In the video-based person Re-ID task, the video-based dataset is composed of many consequent sequences of images rather than static images. Here, we need to declare that the video is composed of several sequences, and a sequence includes several frames of images in this article. The critical challenge is to make use of the temporal clues embedded in the sequences. Some previous work [5,6,7] has typically divided this task into two steps. In the first step, image-based convolutional neural networks (CNNs) are used to extract features from each frame in the video to obtain frame-level features. The second step is to aggregate the features based on each frame to form a video-level feature that can represent the entire video. The distance between the video-level features of the input video is generally used to indicate whether the video contains the same target person or not. Ideally, the probability of including the same person in a video is higher if the distance between two video-level features is smaller and lower for two videos that are further apart.

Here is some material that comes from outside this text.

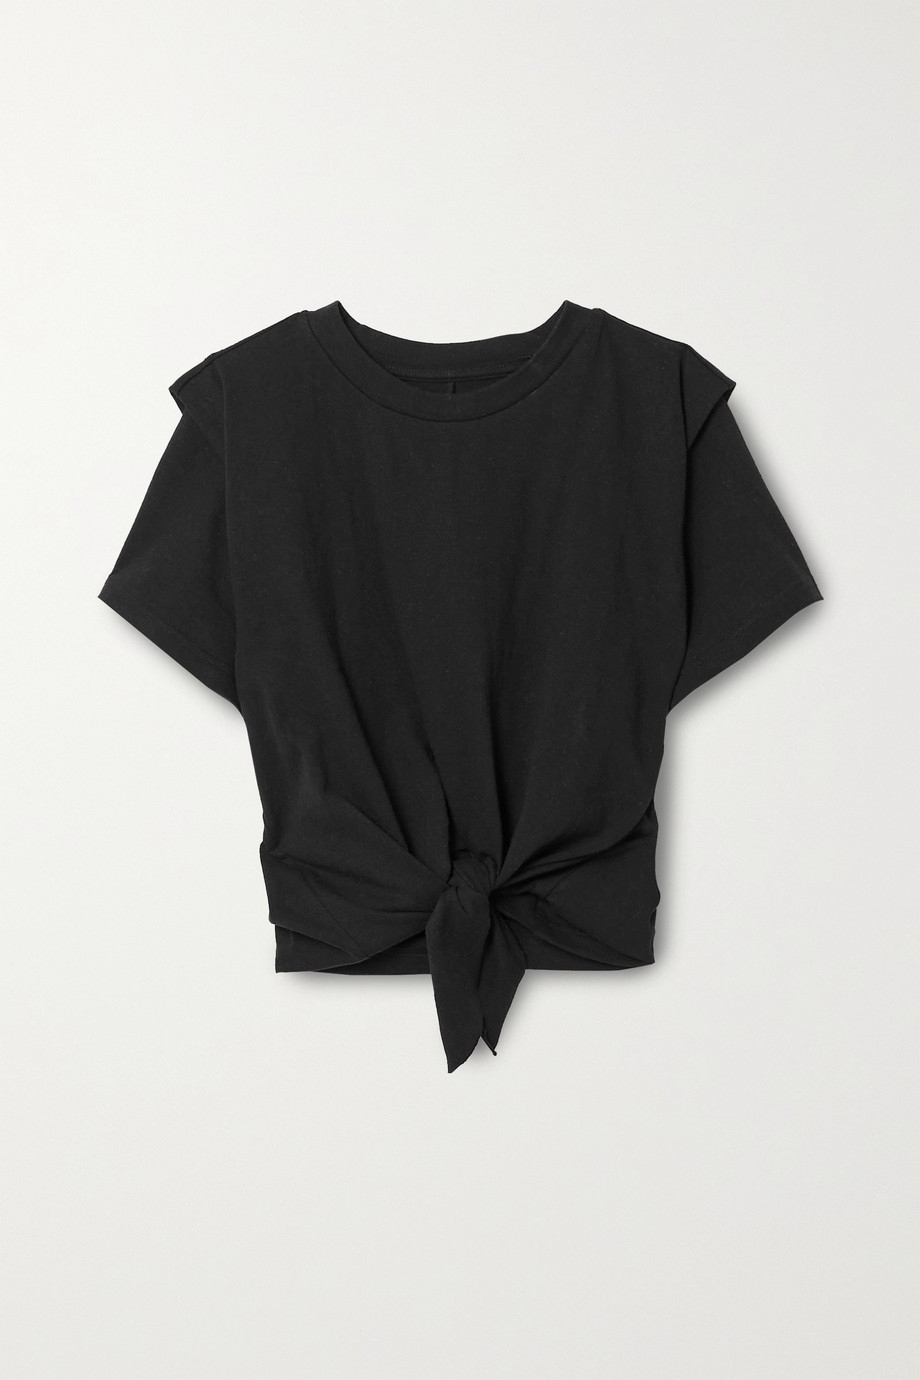 Isabel Marant Zelito verkürztes T-Shirt aus Baumwoll-Jersey zum Binden

The main problem with video-based person Re-ID now lies in the second step, which is temporal feature aggregation. Depending on their ways of temporal feature learning, existing work can be roughly divided into the following three categories:

• Extraction of dynamic features from other CNN inputs, e.g., by optical flux [8].
• Extracting spatial and temporal features by regarding the video as 3-D data, e.g., via 3-D CNN [9,10].
• Learning robust person representations by temporally aggregating frame-level features, e.g., through recurrent neural networks (RNNs) [5,8,11] and temporal pooling or weights [7,12,13].

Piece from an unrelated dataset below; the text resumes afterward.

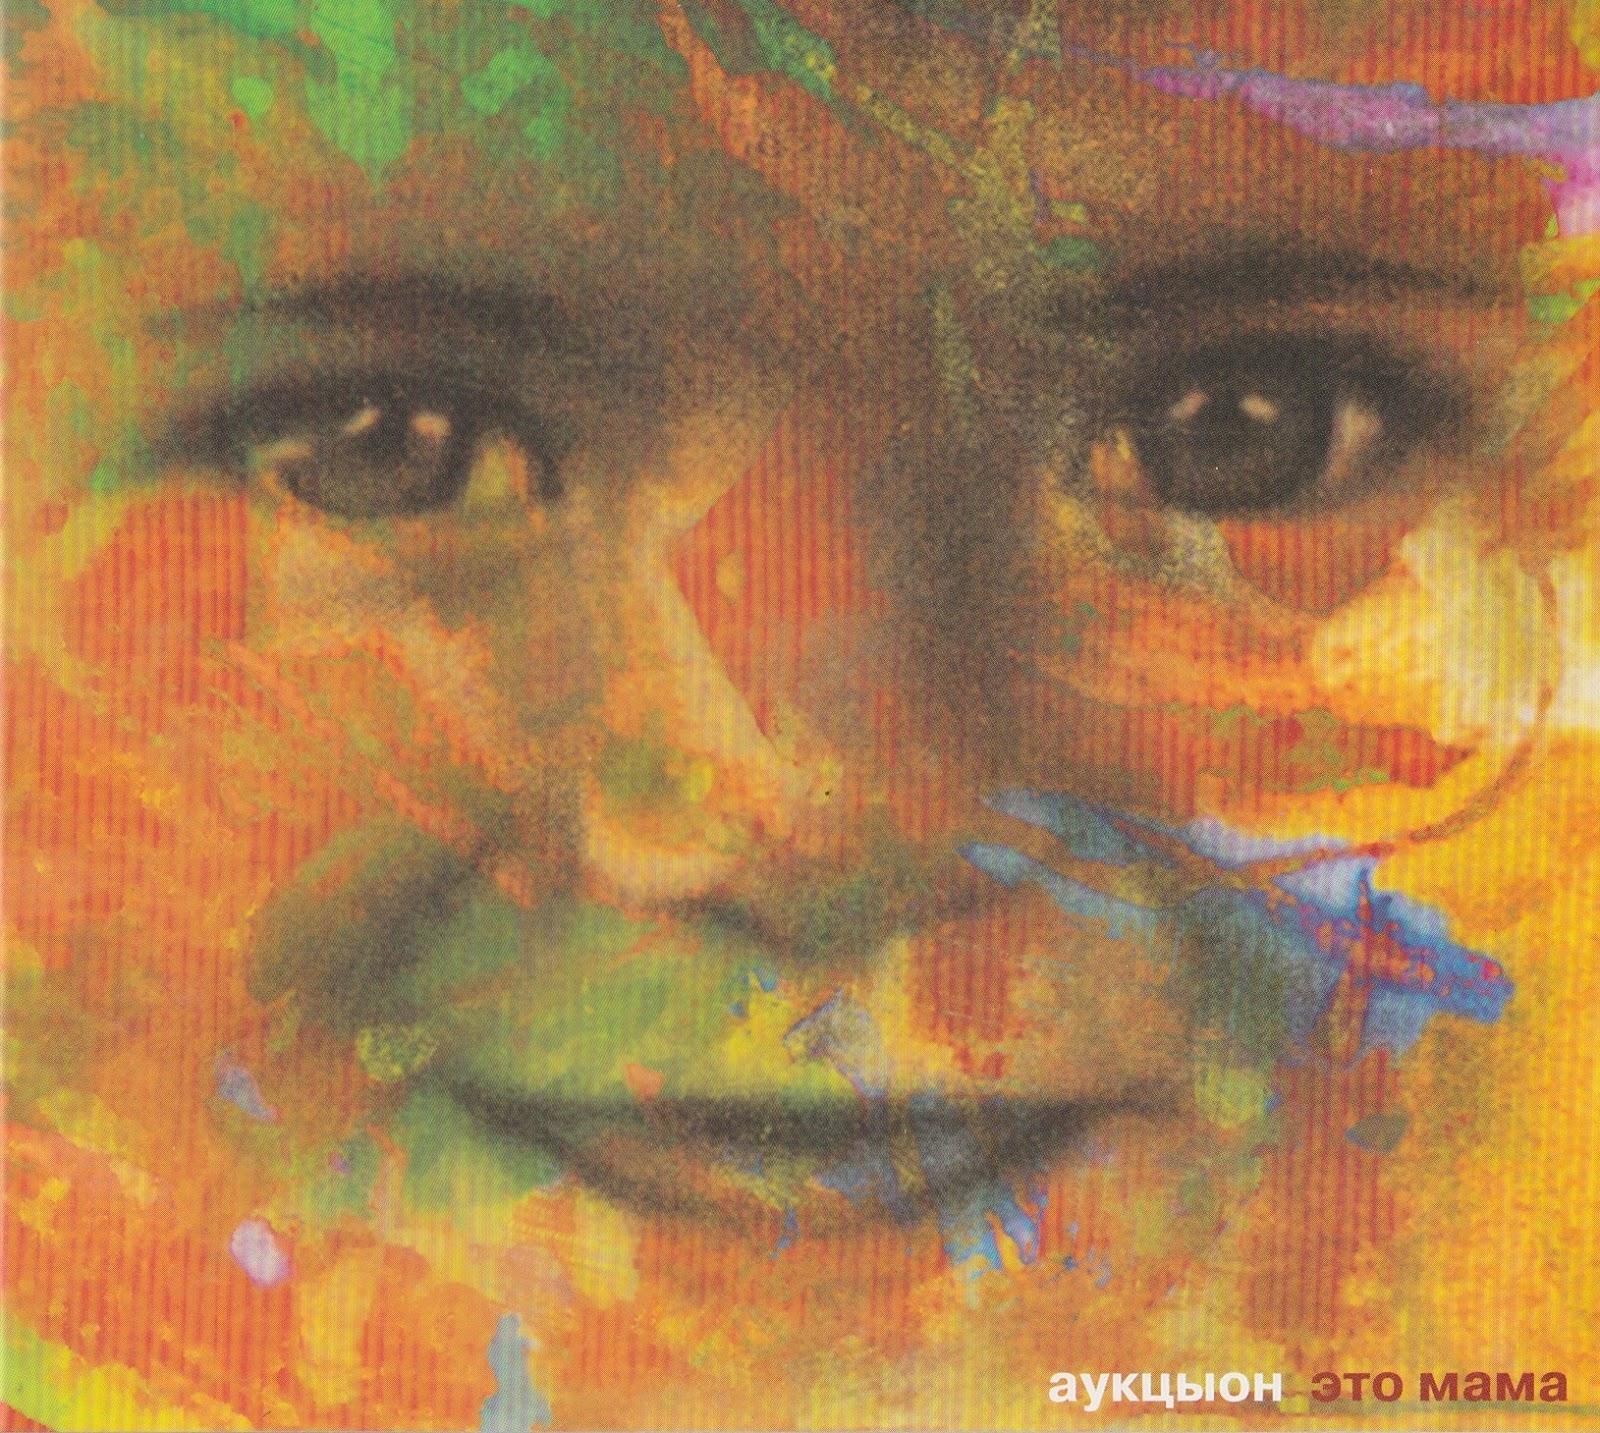 АукцЫон — Это Мама (2002)

The third category to which our work belongs is currently dominant in video-based person Re-ID tasks. Most existing methods represent the frame of the video as a feature map and then use an average or maximum pooling across frames to obtain a representation of the input video. However, this approach tends to fail when occlusions are frequent in the video because it processes all images in the video with equal importance. In order to distill the relevant information from a video and weaken the influence of noisy samples, some works have learned the temporal attention score of each frame in a given video by using recurrent neural networks (RNNs) to solve this problem. The limitation of the RNN method is that it requires sequential calculations to be performed. As a result, it is difficult to compute in parallel and make full use of the graphics processing unit (GPU) hardware. Additionally, a single recurrent operation could only calculate the dependency between the current and the latest frame. In general, it is difficult for RNNs to capture long-range dependencies.

In this paper, we propose a non-local spatial and temporal attention network for video-based person Re-ID. We improve the non-local neural network [14] and apply it to the video-based person Re-ID task with excellent results. The novelty of our approach is that we use non-local neural networks to compute spatial and temporal dependencies over long ranges among video frames. The way each attention score is calculated depends on all the frames in the video, as shown in Figure 1, not just on the adjacent frames. This method gives a better video-level feature representation, making the video look more like a whole rather than merely a few images. Additionally, we apply the improved non-local neural network to CNN networks at different levels, so that the features at different levels obtain a better performance. We performed both frame-level feature extraction, and temporal aggregation using the non-local attention mechanism. Our main contributions can be summarized in three-fold:

• We propose a plug-and-play non-local attention module (NLAM). It can be inserted into CNN networks for frame-level feature extraction. In the video-based person Re-ID task, the spatial position of the target person in the image can be determined more accurately.
• We propose a non-local temporal pooling (NLTP) method for temporal feature aggregation. We use it to replace the single average or maximum pooling, which could not order the video frames.
• We verified the effectiveness of our two methods on different datasets.

2. Related Works

Person Re-ID has always been a hot field in computer vision. In this section, we review the development of video-based person Re-ID, from image-based person Re-ID to video-based person Re-ID. Additionally, we introduced a video-based person Re-ID pipeline.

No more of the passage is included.